● THE PROBLEM:
I'd like the entire listing output verbatim, apart from the pictures.

● PROVIDED MATERIAL:
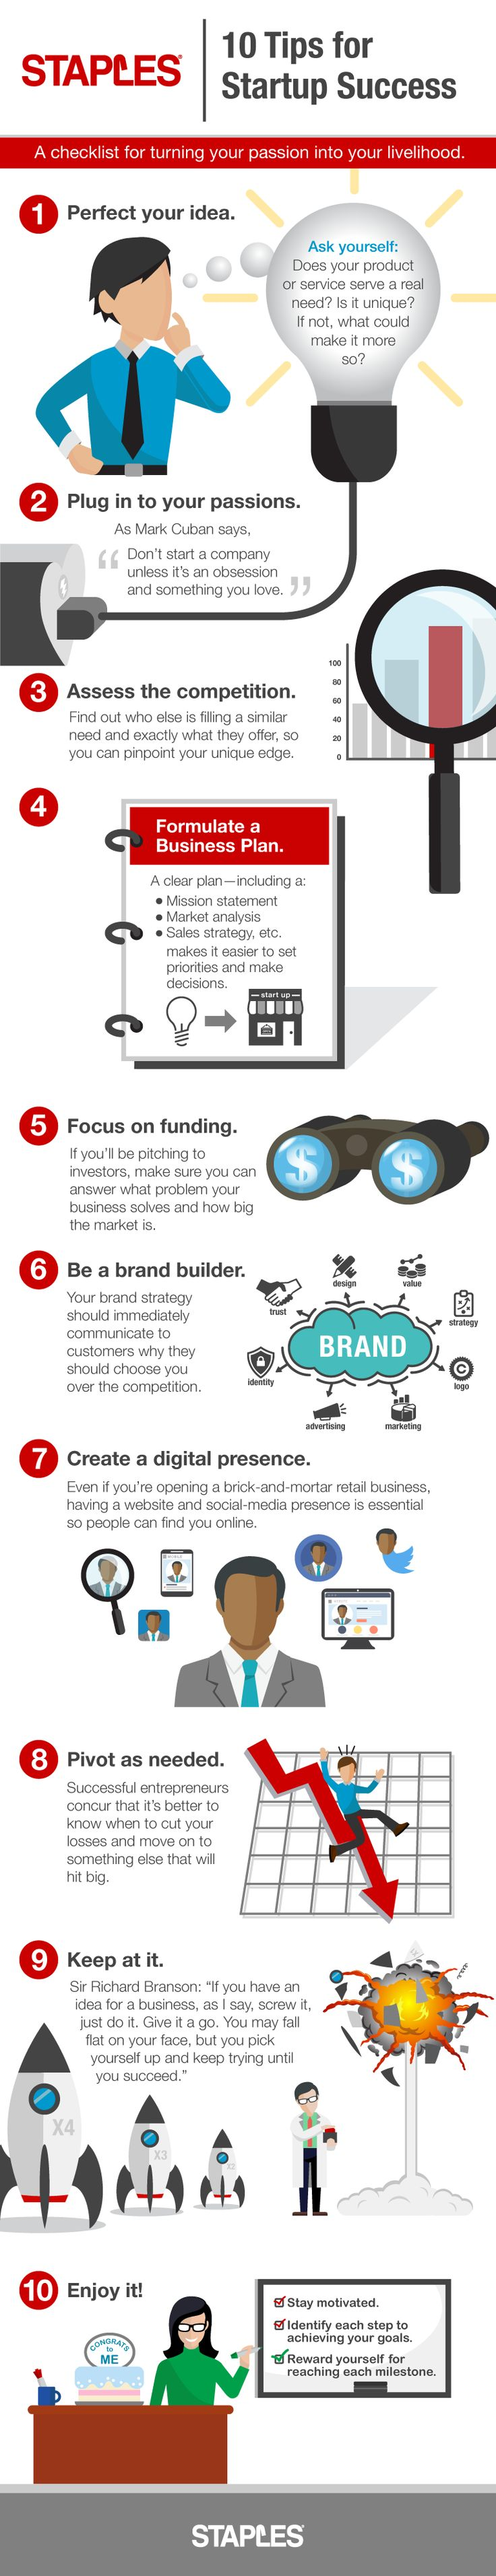 https://i.pinimg.com/736x/b2/99/44/b299447b0ab033a2054c6613c00b97ea--mark-cuban-entrepreneur-magazine.jpg
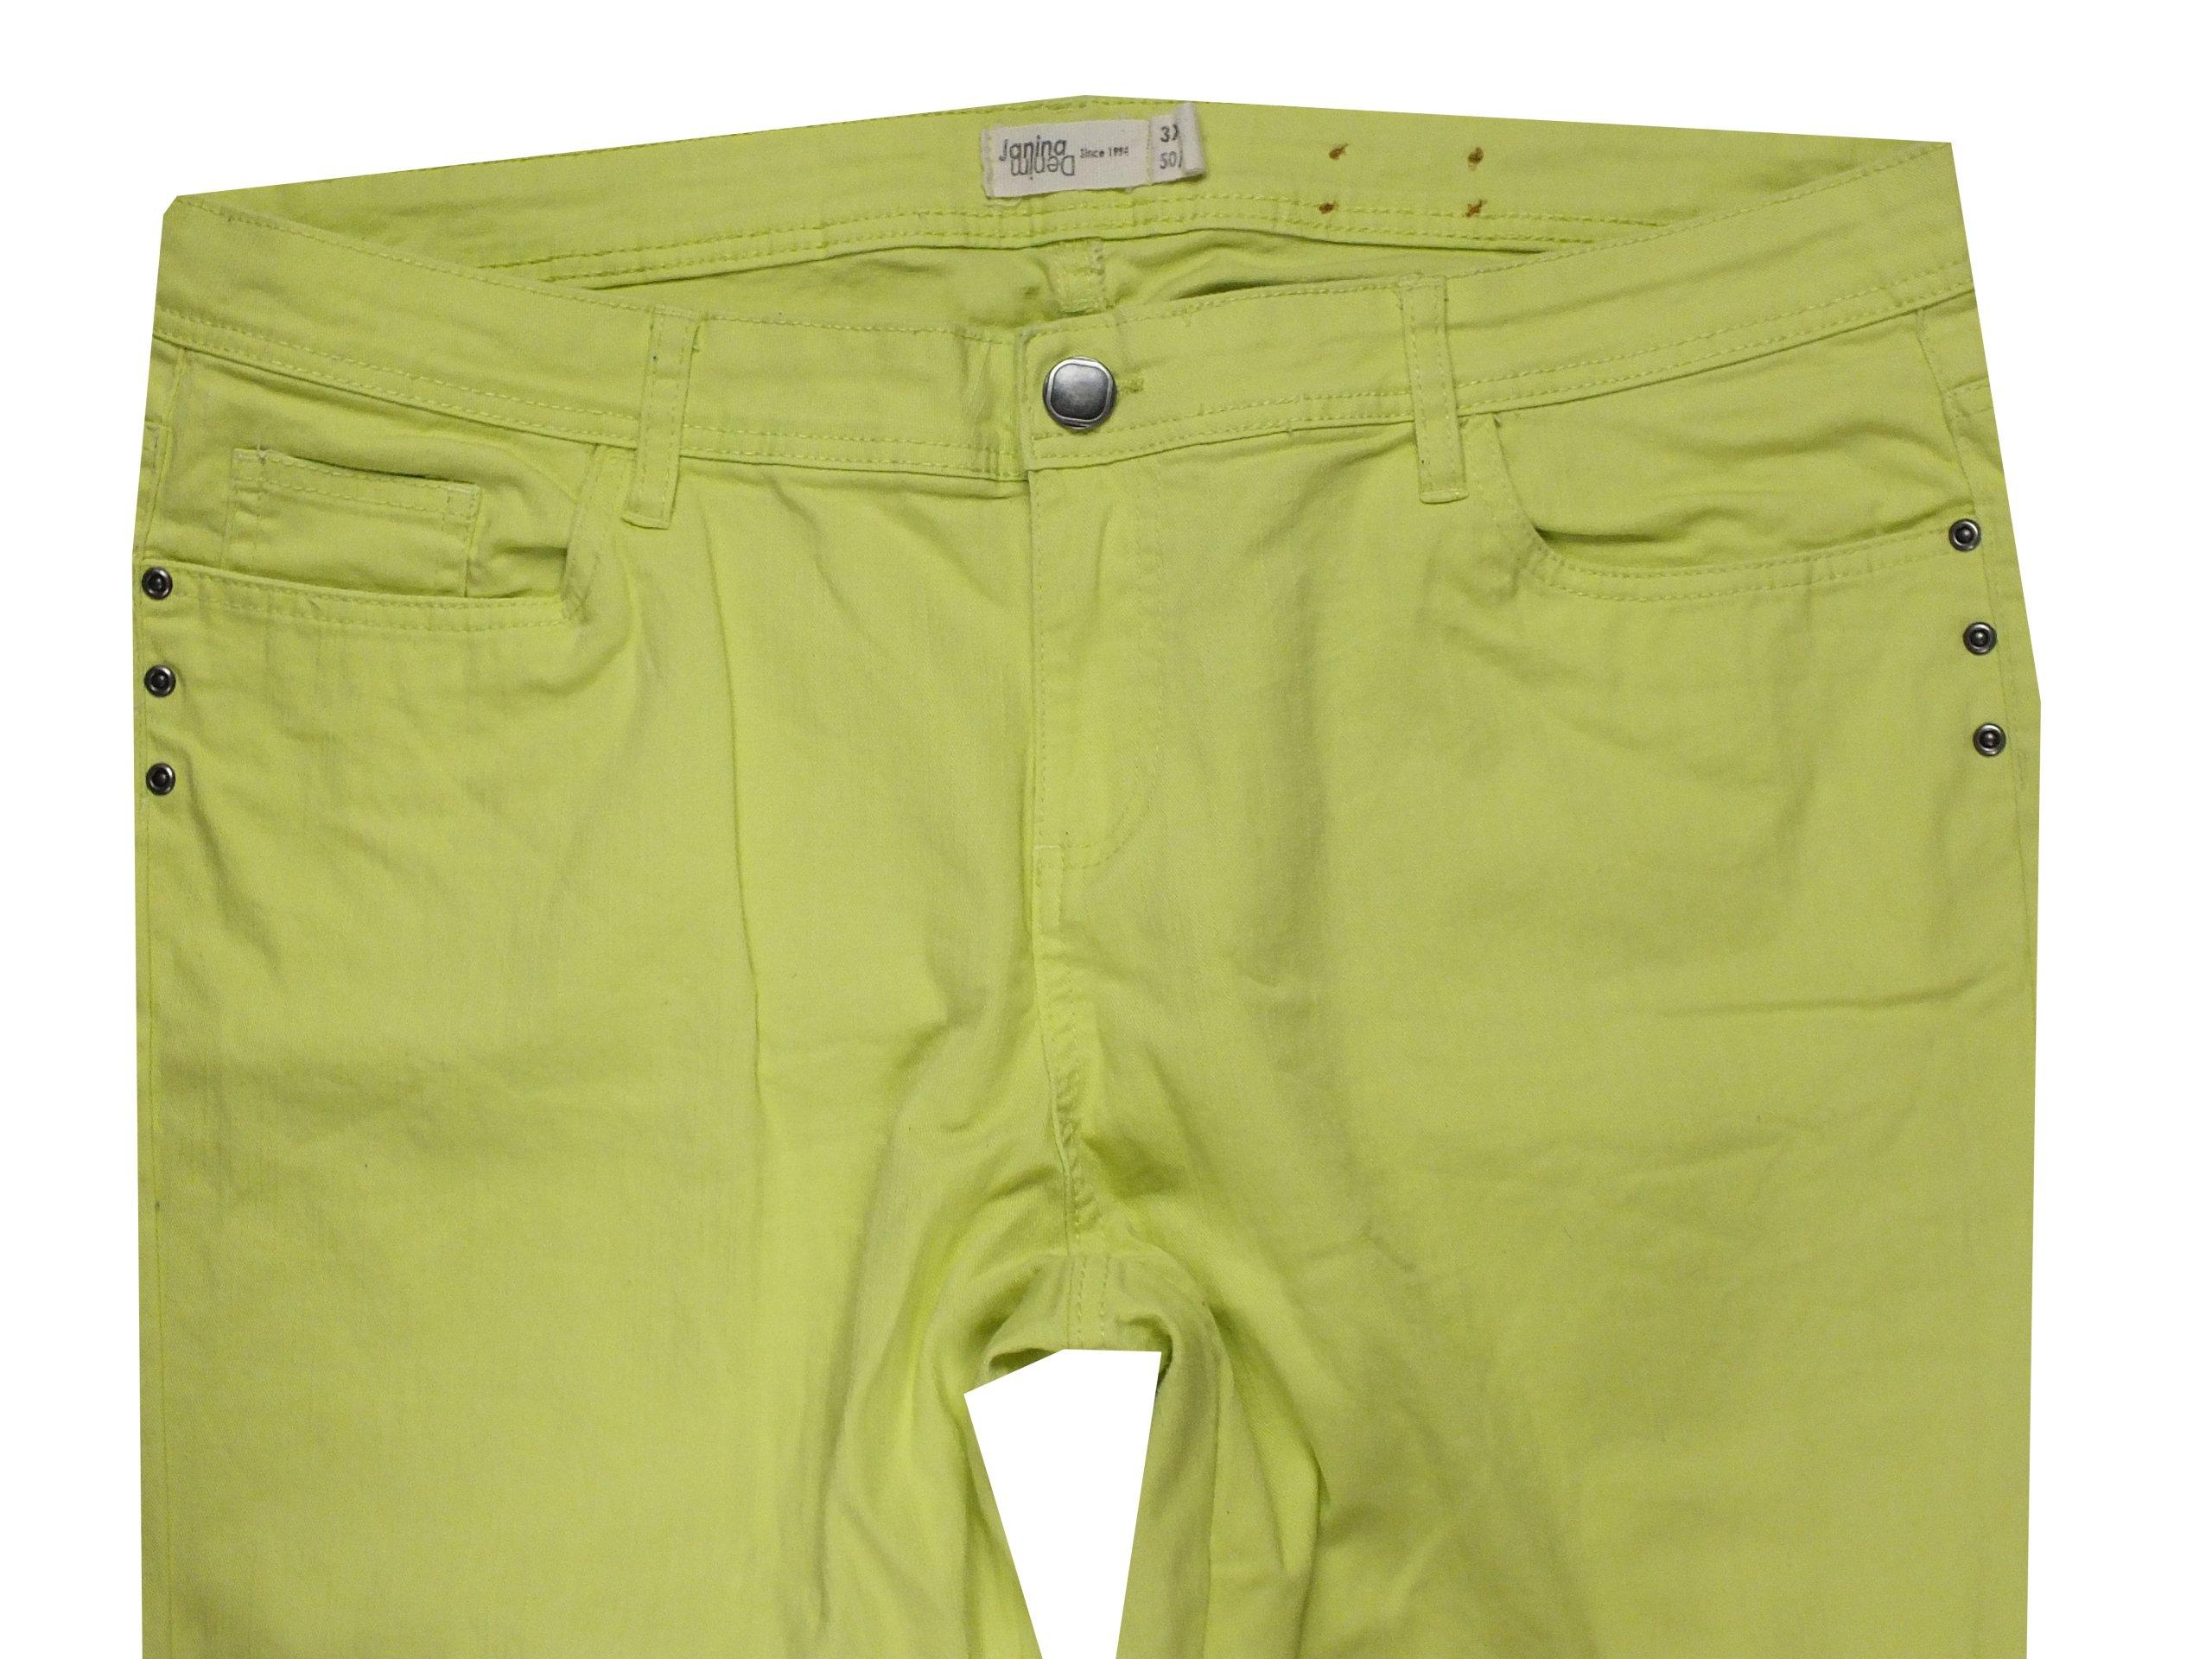 6b02c2c527 Janina 05 Denim Spodnie 7335774958 3xl Oficjalne Damskie F0gqrFO
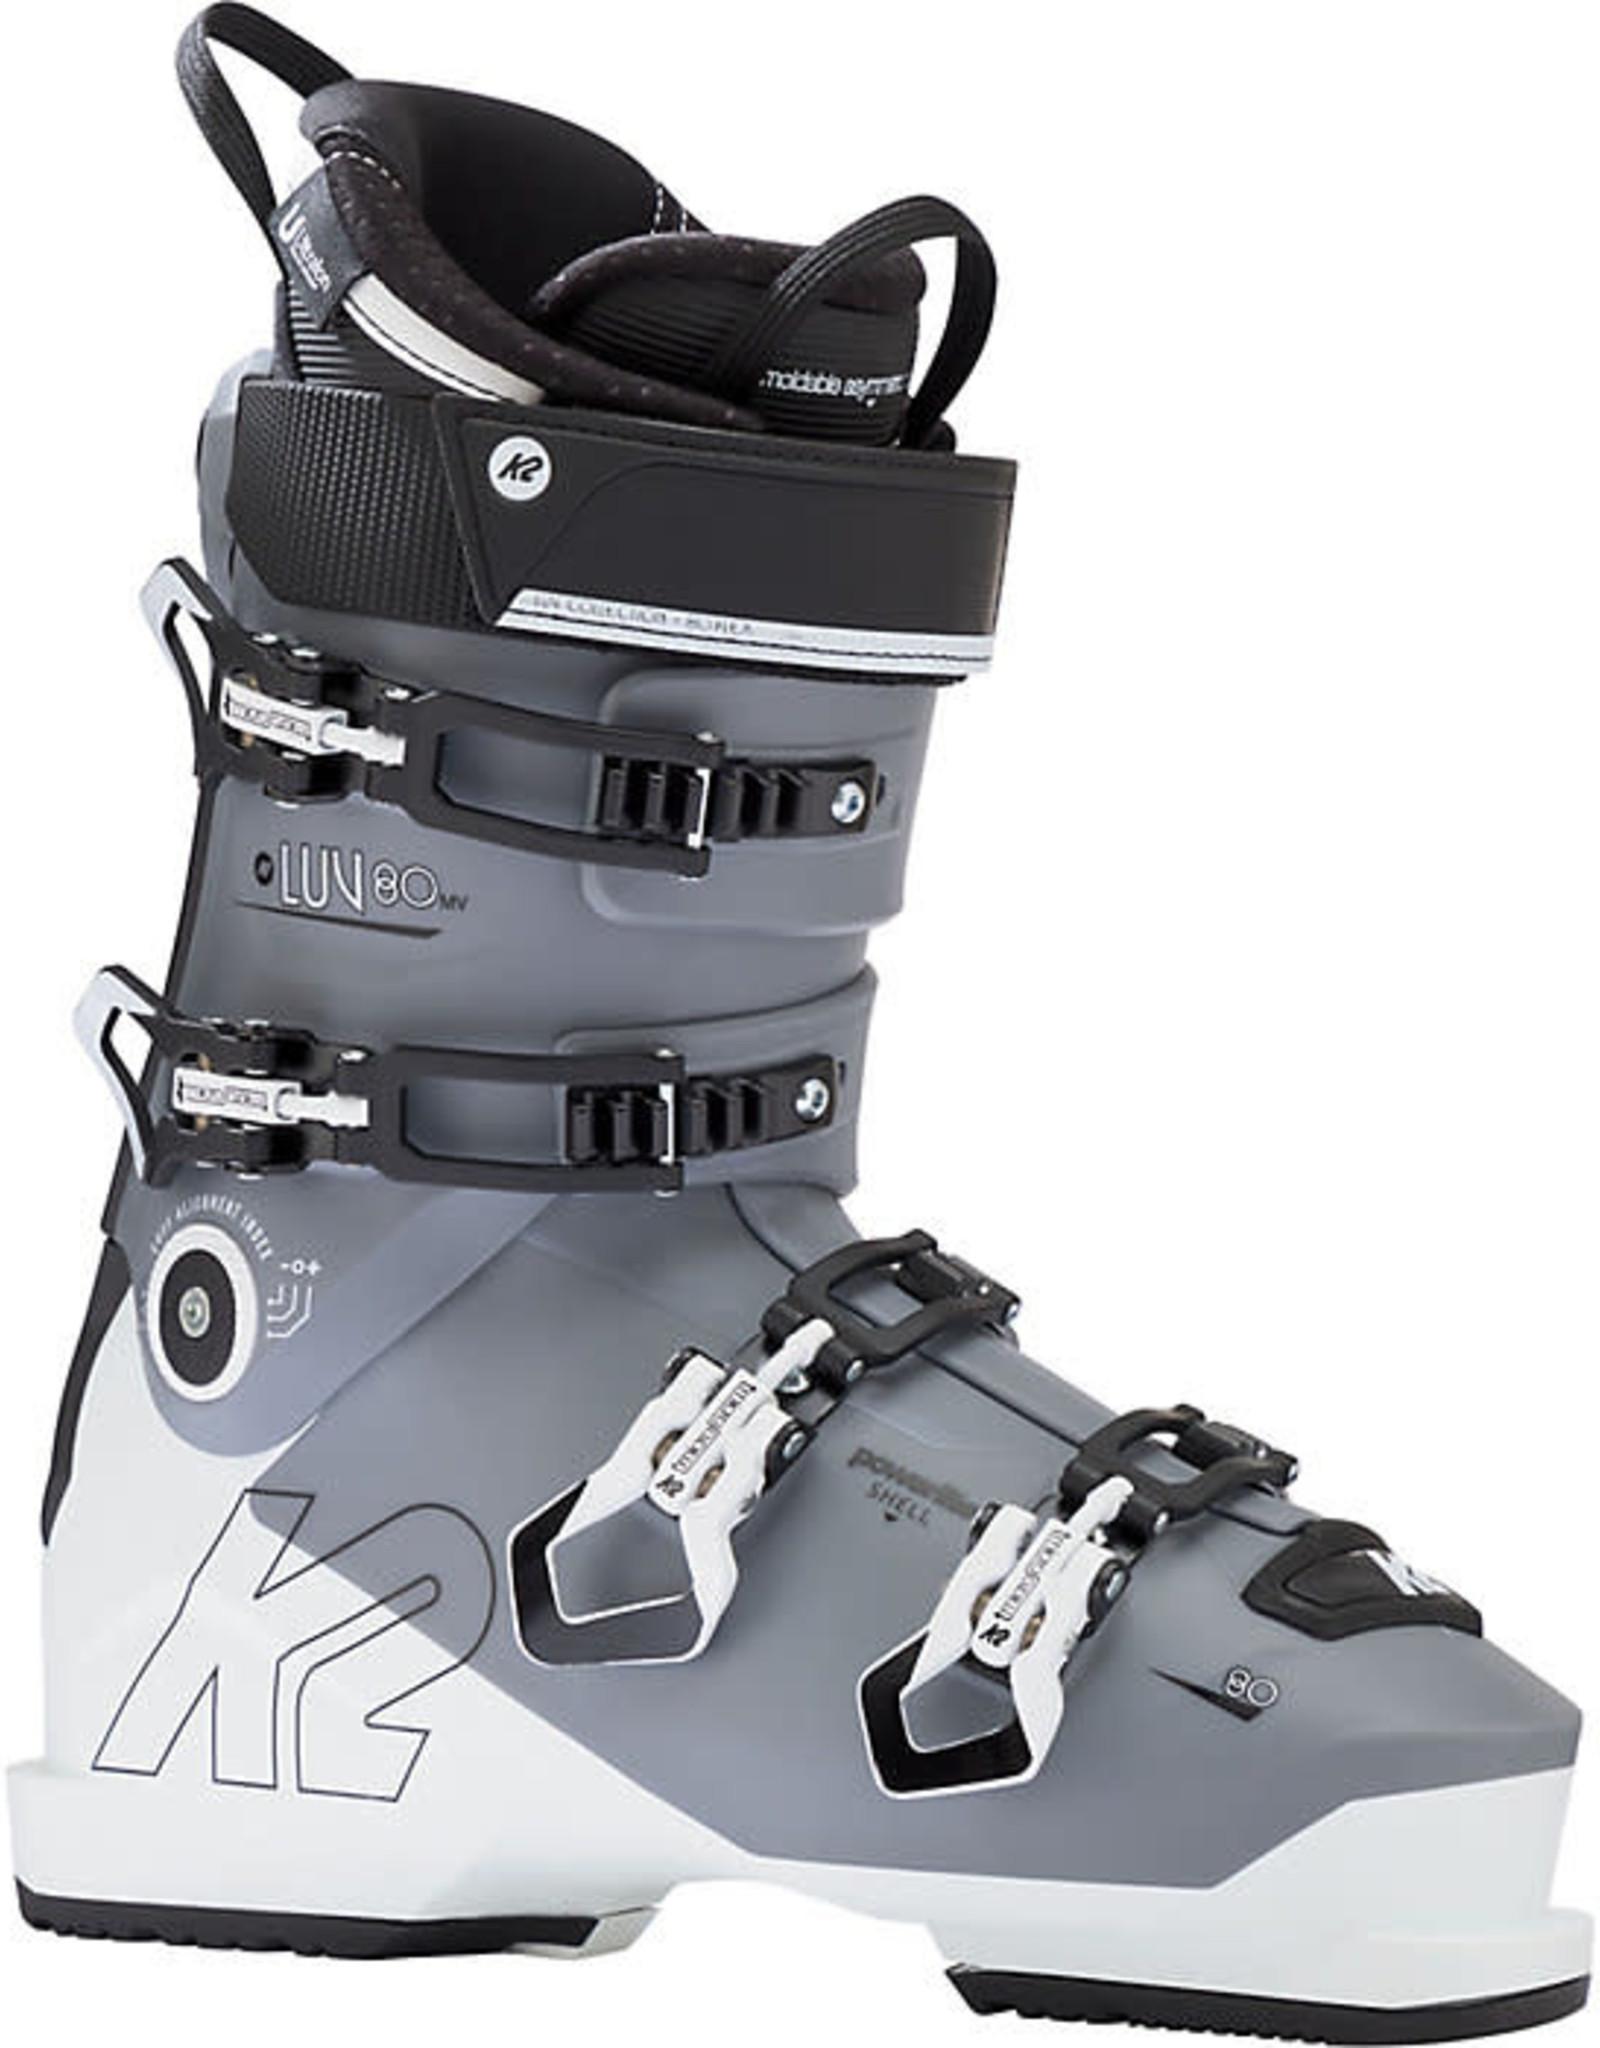 K2 K2 Ski Boots LUV 80 LV (18/19)

● REPLY:
 https://i.pinimg.com/736x/b2/99/44/b299447b0ab033a2054c6613c00b97ea--mark-cuban-entrepreneur-magazine.jpg
 6b02c2c527 Janina 05 Denim Spodnie 7335774958 3xl Oficjalne Damskie F0gqrFO
 K2 K2 Ski Boots LUV 80 LV (18/19)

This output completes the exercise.